Jenny Hayes Edwards was one of the first women in the country to preserve her eggs for nonmedical reasons. She first heard about the procedure in 2009 when she was 34 years old. At the time, she owned three restaurants in Colorado and barely had time to go on a date, let alone nurture a serious relationship, get married and have children. “I had zero money, we were in the middle of a recession and I was working 24 hours a day,” she said.

A friend, who was 40 at the time and going through a third, tough round of I.V.F., told Ms. Edwards she wished she had the option of egg freezing when she was younger. Ms. Edwards was persuaded.

She froze her unfertilized eggs in June 2010, before the A.S.R.M.’s official stamp of approval. She sold some jewelry, maxed out a credit card and used a portion of her inheritance to pay for the procedure. Exactly a decade later, in June 2020, the 45-year-old gave birth to a son using her frozen eggs — an outcome that the Centers for Disease Control and Prevention estimates occurs in less than 10 percent of women her age or older. Those eggs, she said, had helped her live with less urgency: She left her job, became a health coach and waited to find the right partner, meeting her husband in 2017.

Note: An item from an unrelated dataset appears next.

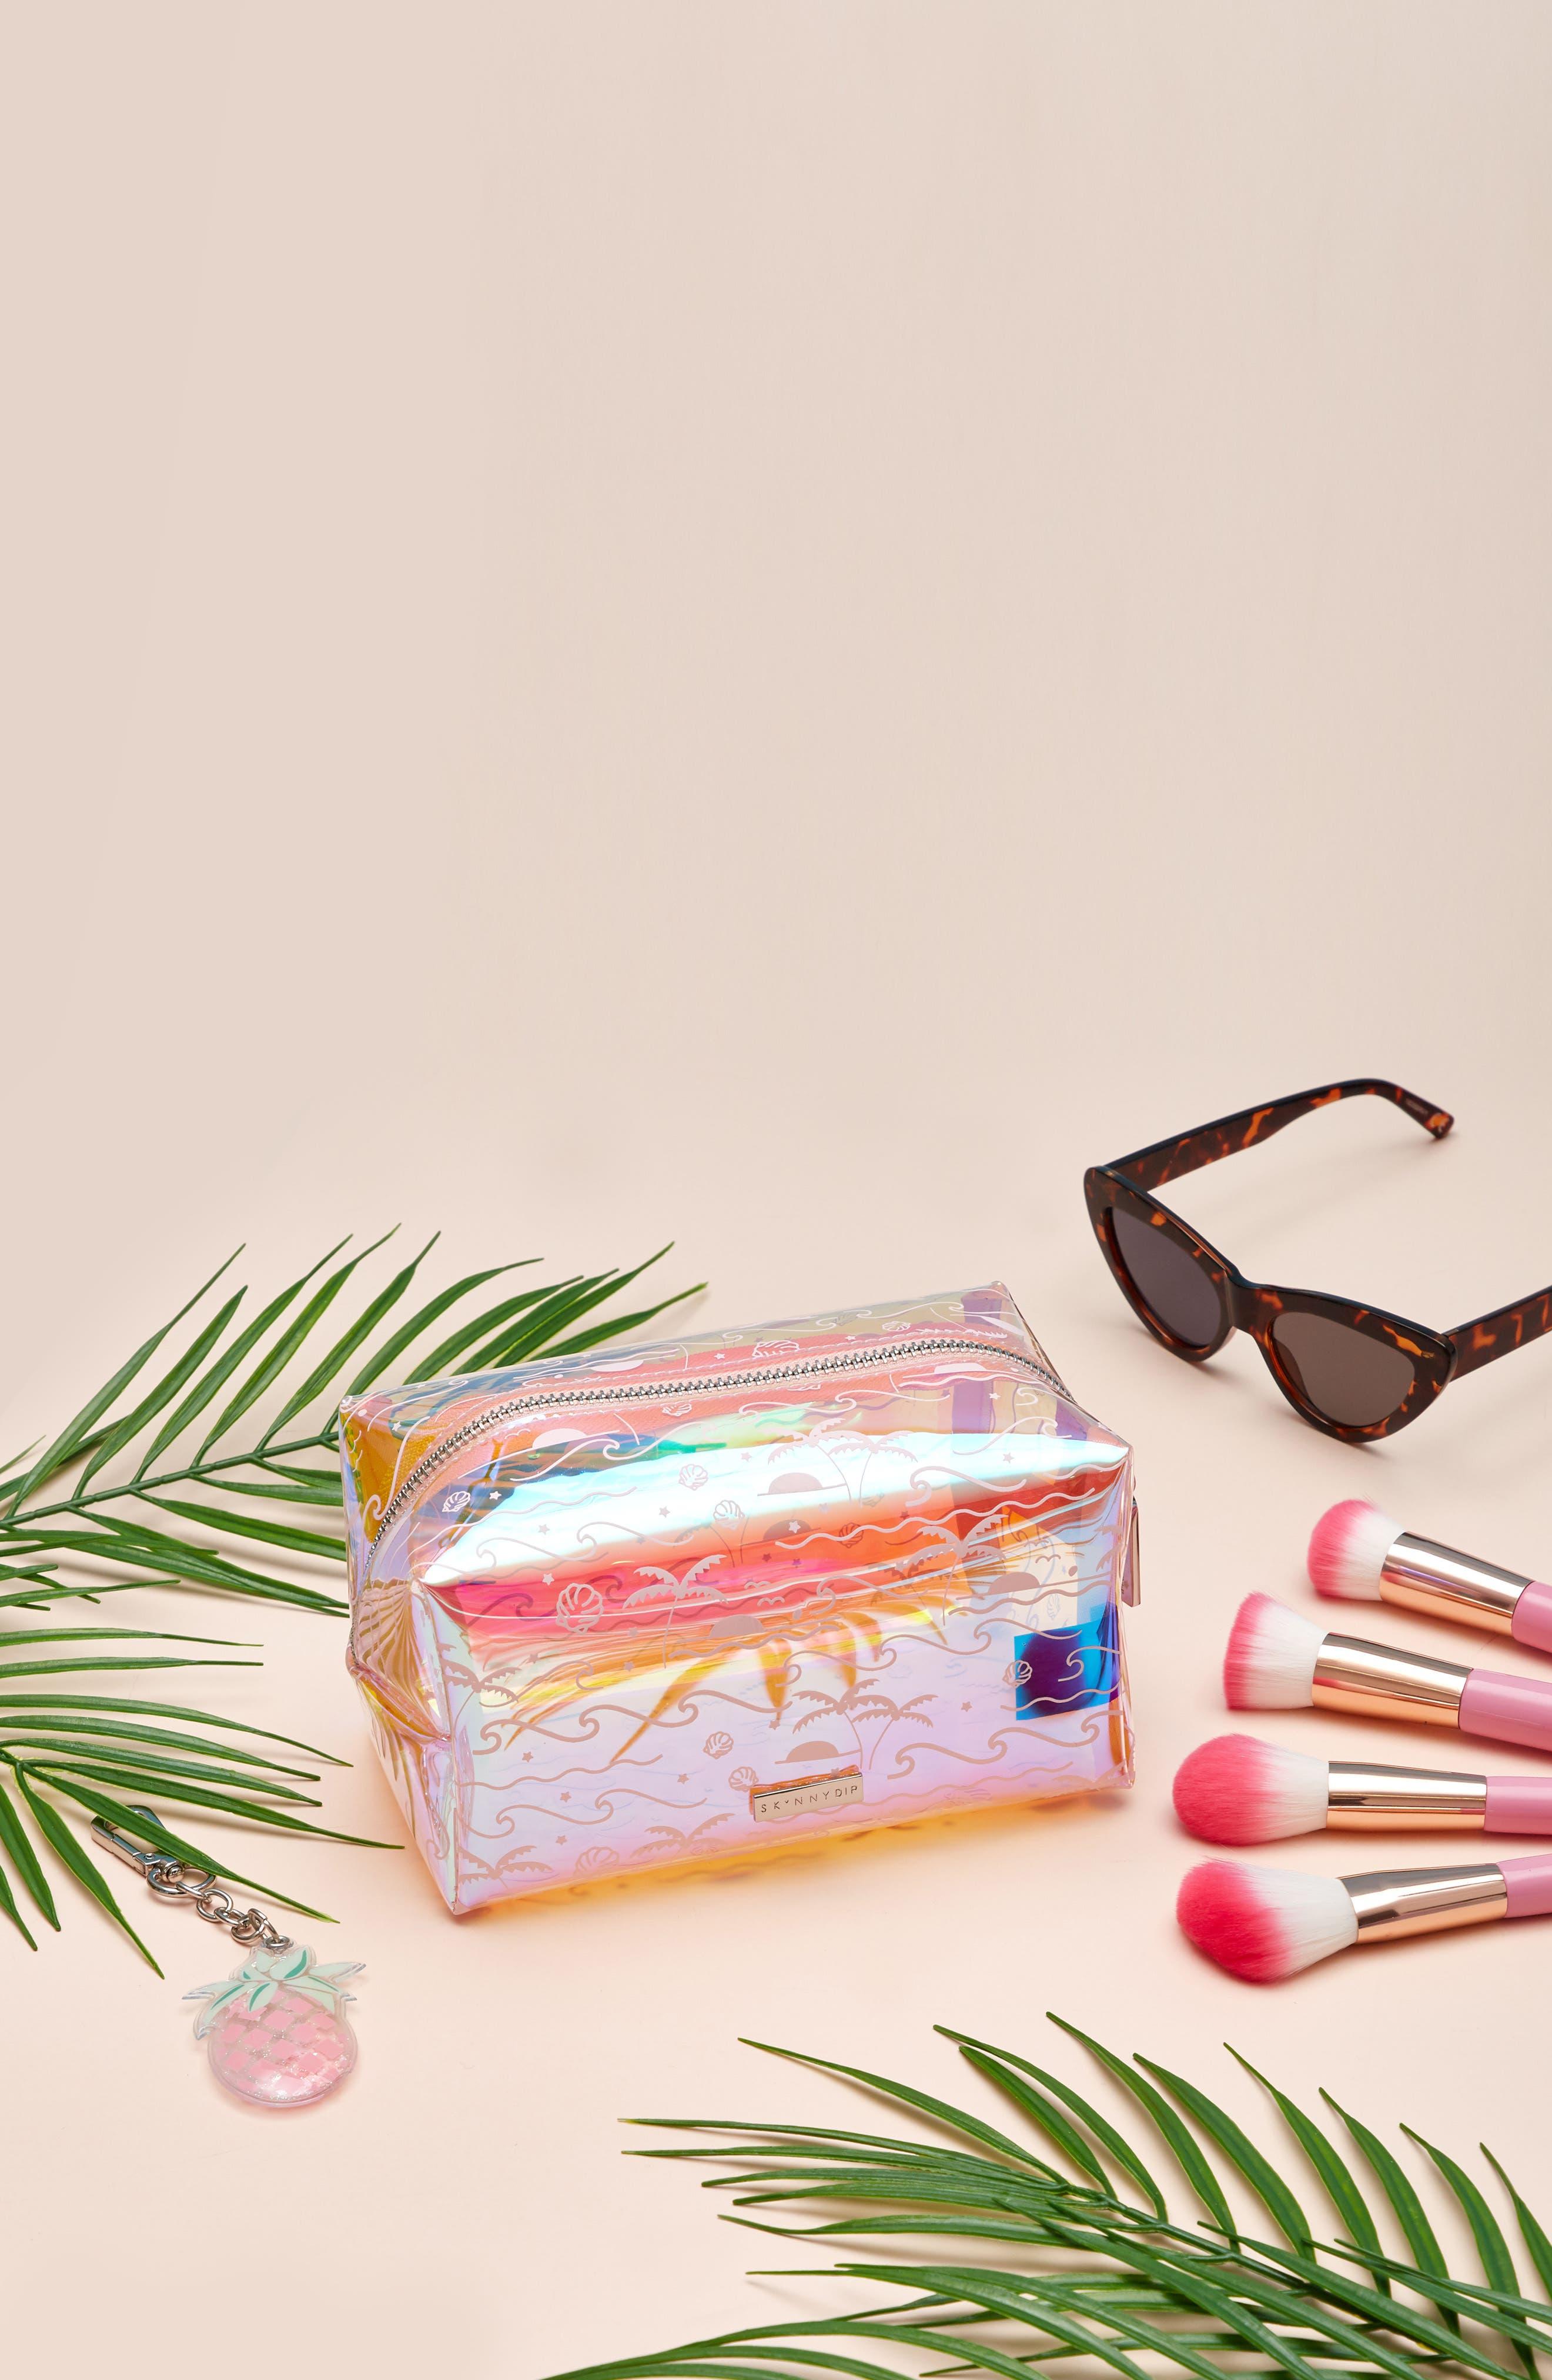 Skinny Dip Ocean Breeze Makeup Bag,                             Alternate thumbnail 4, color,                             000

“I approached everything differently knowing that those eggs were there,” she said. “I was calmer about my dating life, and I wasn’t panicked about my biological clock. I feel really proud of myself for being patient.”

Emily Gertsch woke up a few weeks after her 42nd birthday with what she called “intense panic” — the sudden sense that, despite wavering in her 30s, she now knew she wanted to be a mother. Ms. Gertsch lived in New York City at the time and embarked on three separate rounds of egg freezing, one right after the other, in the summer of 2020. She didn’t expect to enjoy the process, she said. But as she sat in the waiting room between seemingly endless blood tests, looking around at rows of other women, masked and spaced out six feet apart, Ms. Gertsch felt a sense of community — something she craved during the pandemic.